Dataset section:
※
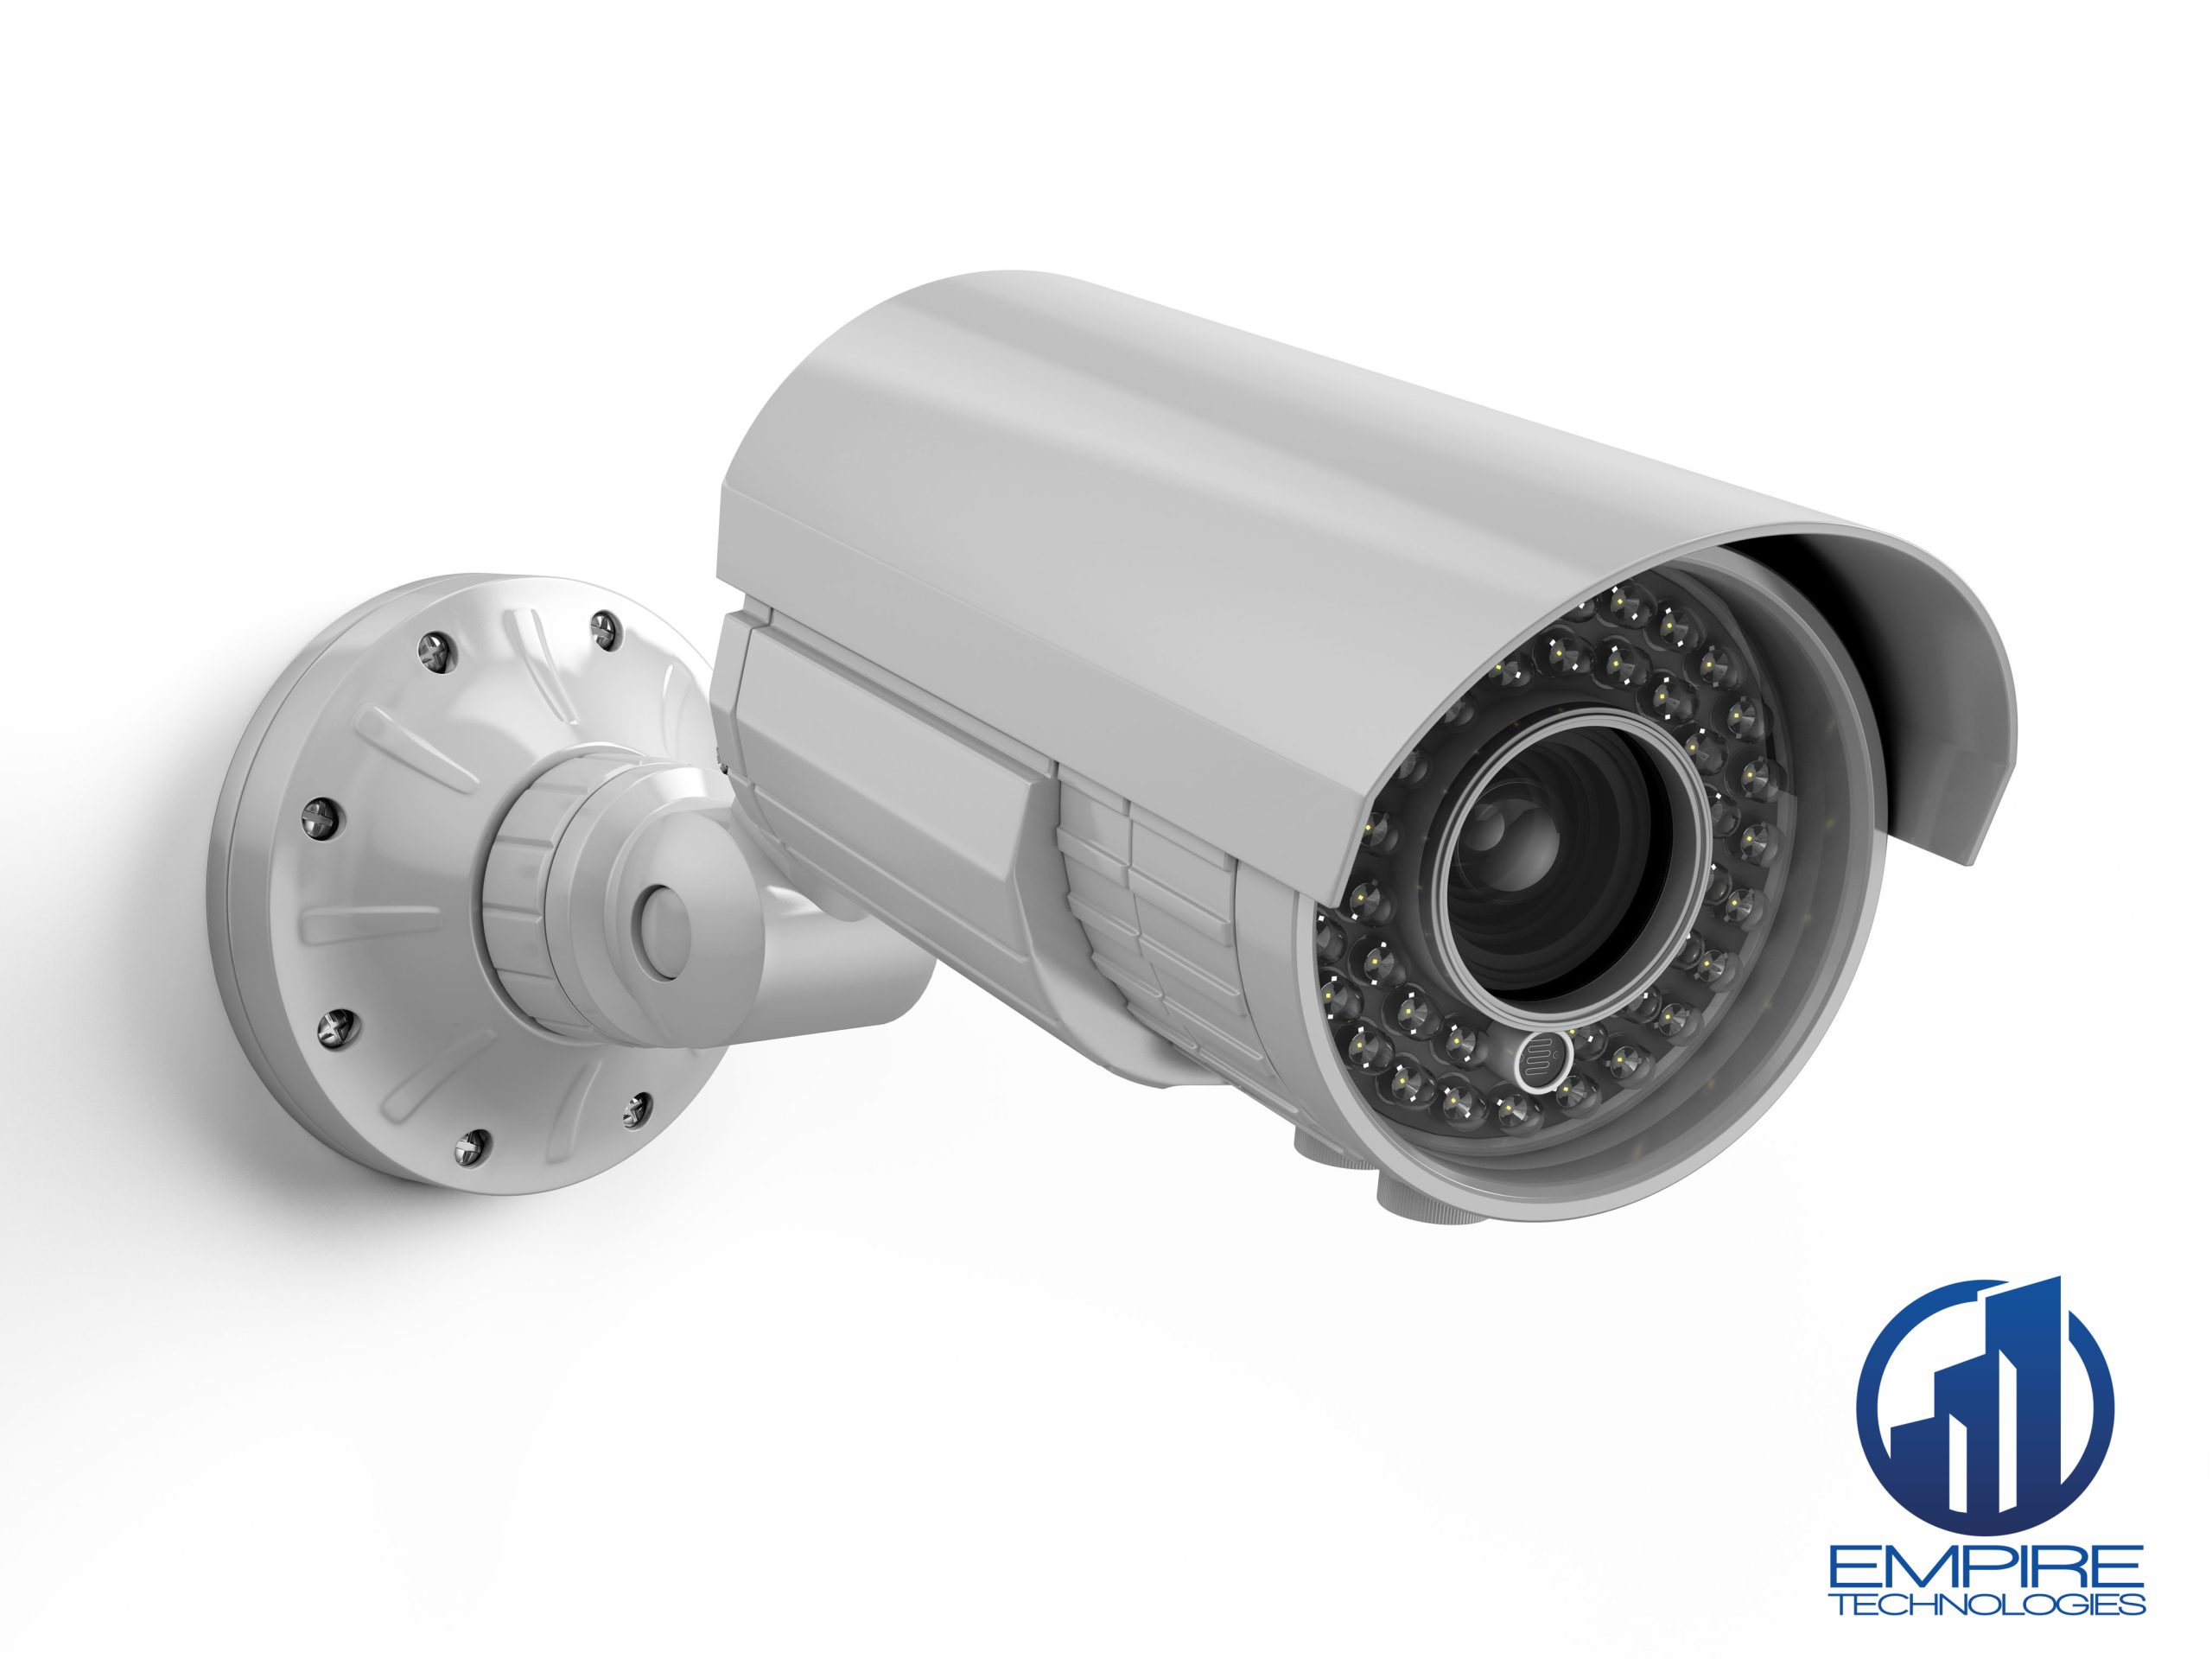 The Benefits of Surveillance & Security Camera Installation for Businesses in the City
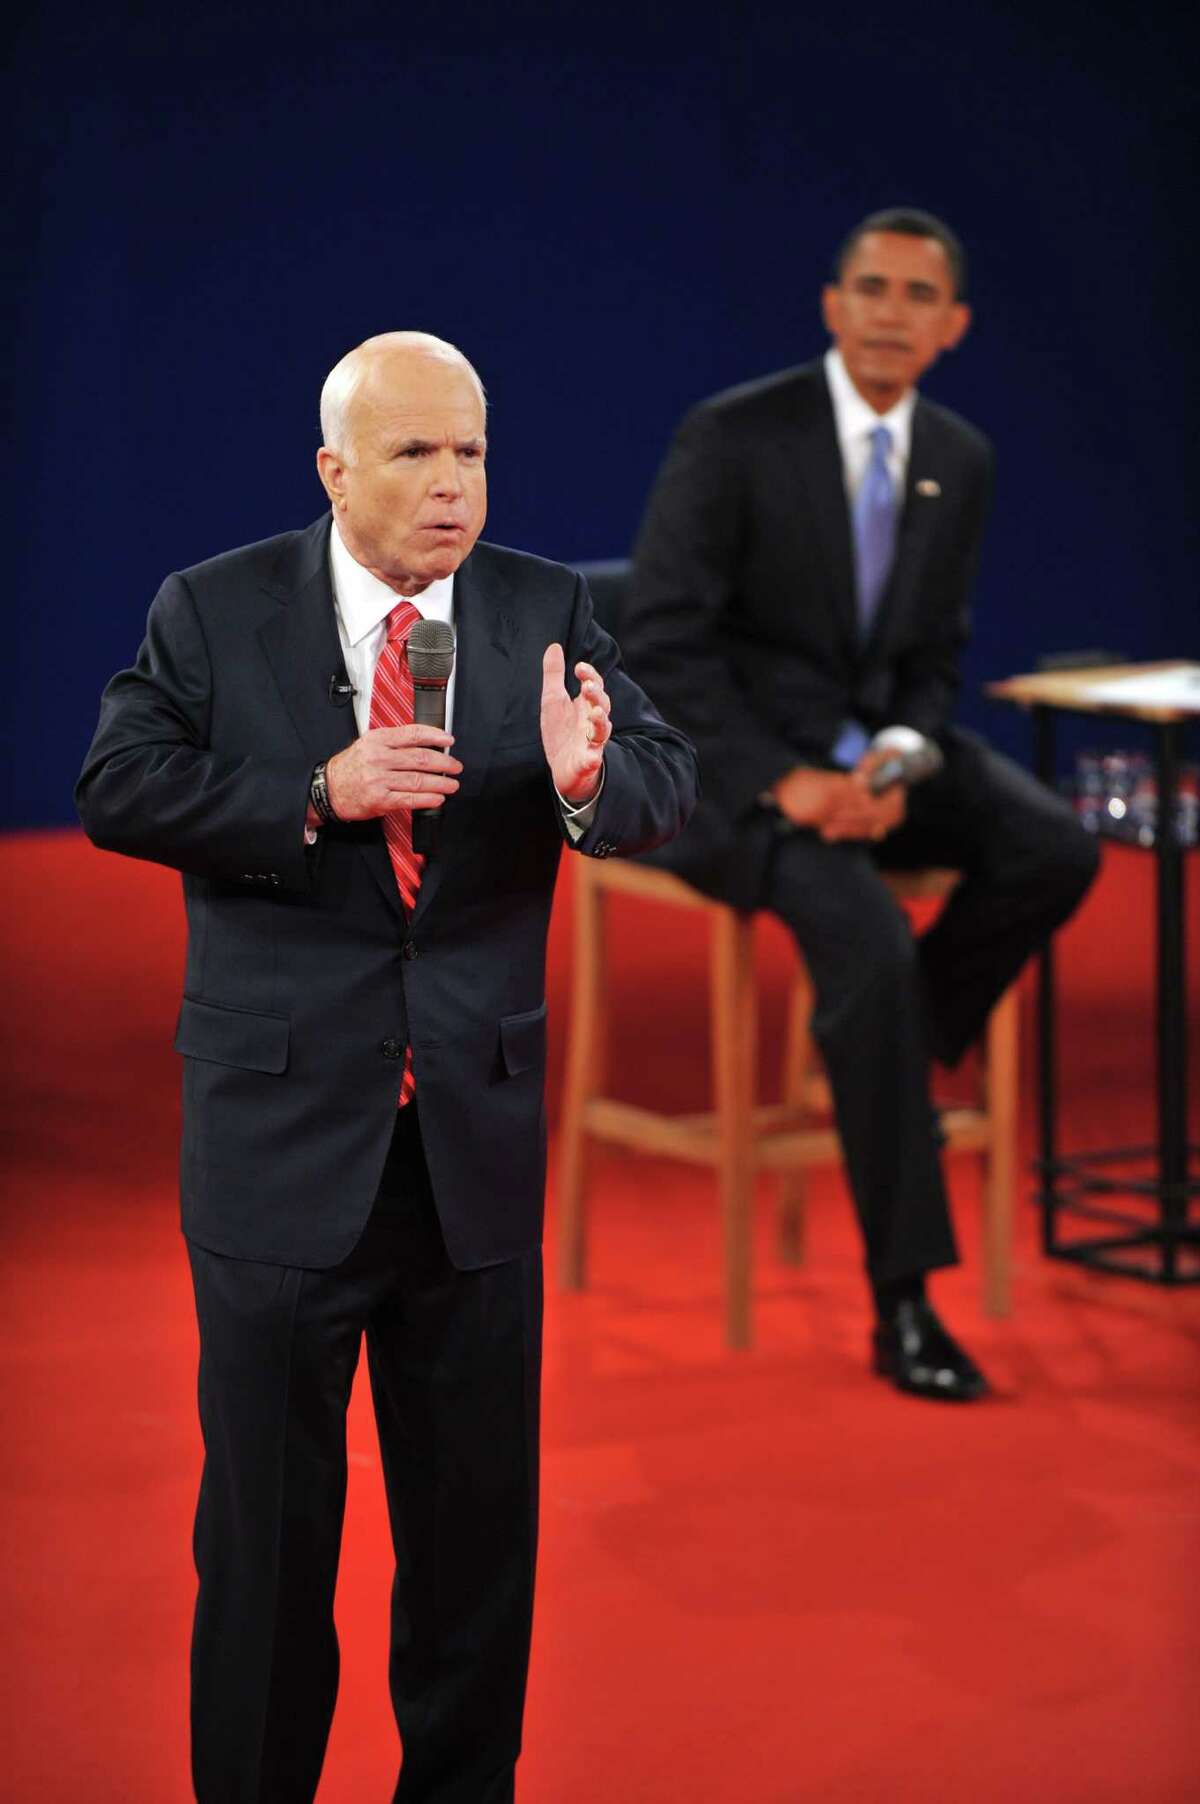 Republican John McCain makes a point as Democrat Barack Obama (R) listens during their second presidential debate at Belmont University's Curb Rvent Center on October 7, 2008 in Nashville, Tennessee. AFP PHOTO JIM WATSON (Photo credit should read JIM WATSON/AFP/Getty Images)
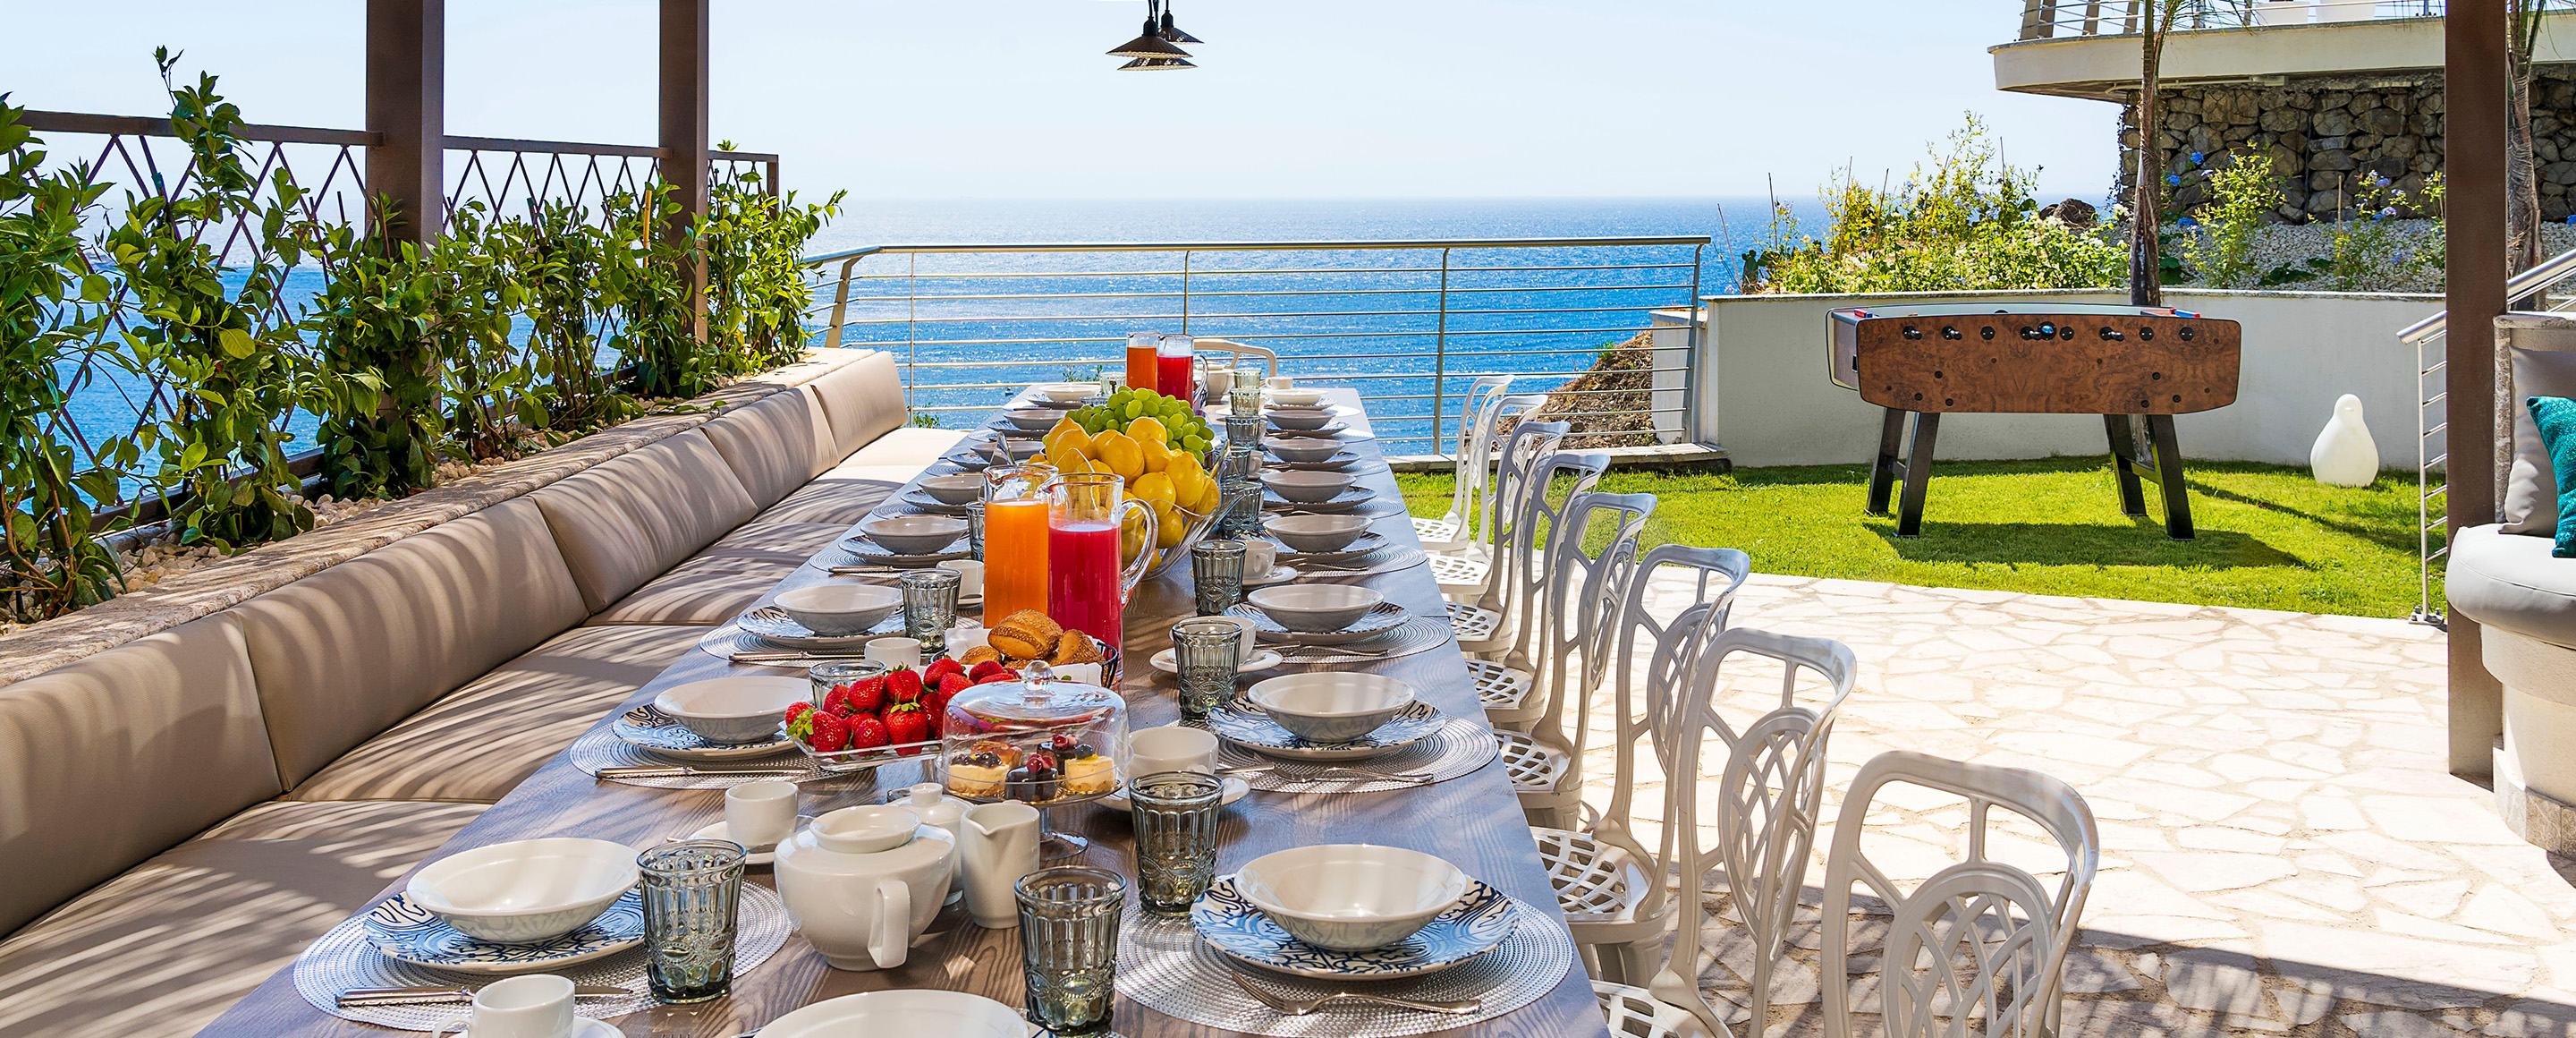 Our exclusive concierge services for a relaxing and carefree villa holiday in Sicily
※
The problem: Each line above is to be duplicated exactly, and the pictures are to be omitted.

Answer box:
 The Benefits of Surveillance & Security Camera Installation for Businesses in the City
 Republican John McCain makes a point as Democrat Barack Obama (R) listens during their second presidential debate at Belmont University's Curb Rvent Center on October 7, 2008 in Nashville, Tennessee. AFP PHOTO JIM WATSON (Photo credit should read JIM WATSON/AFP/Getty Images)
 Our exclusive concierge services for a relaxing and carefree villa holiday in Sicily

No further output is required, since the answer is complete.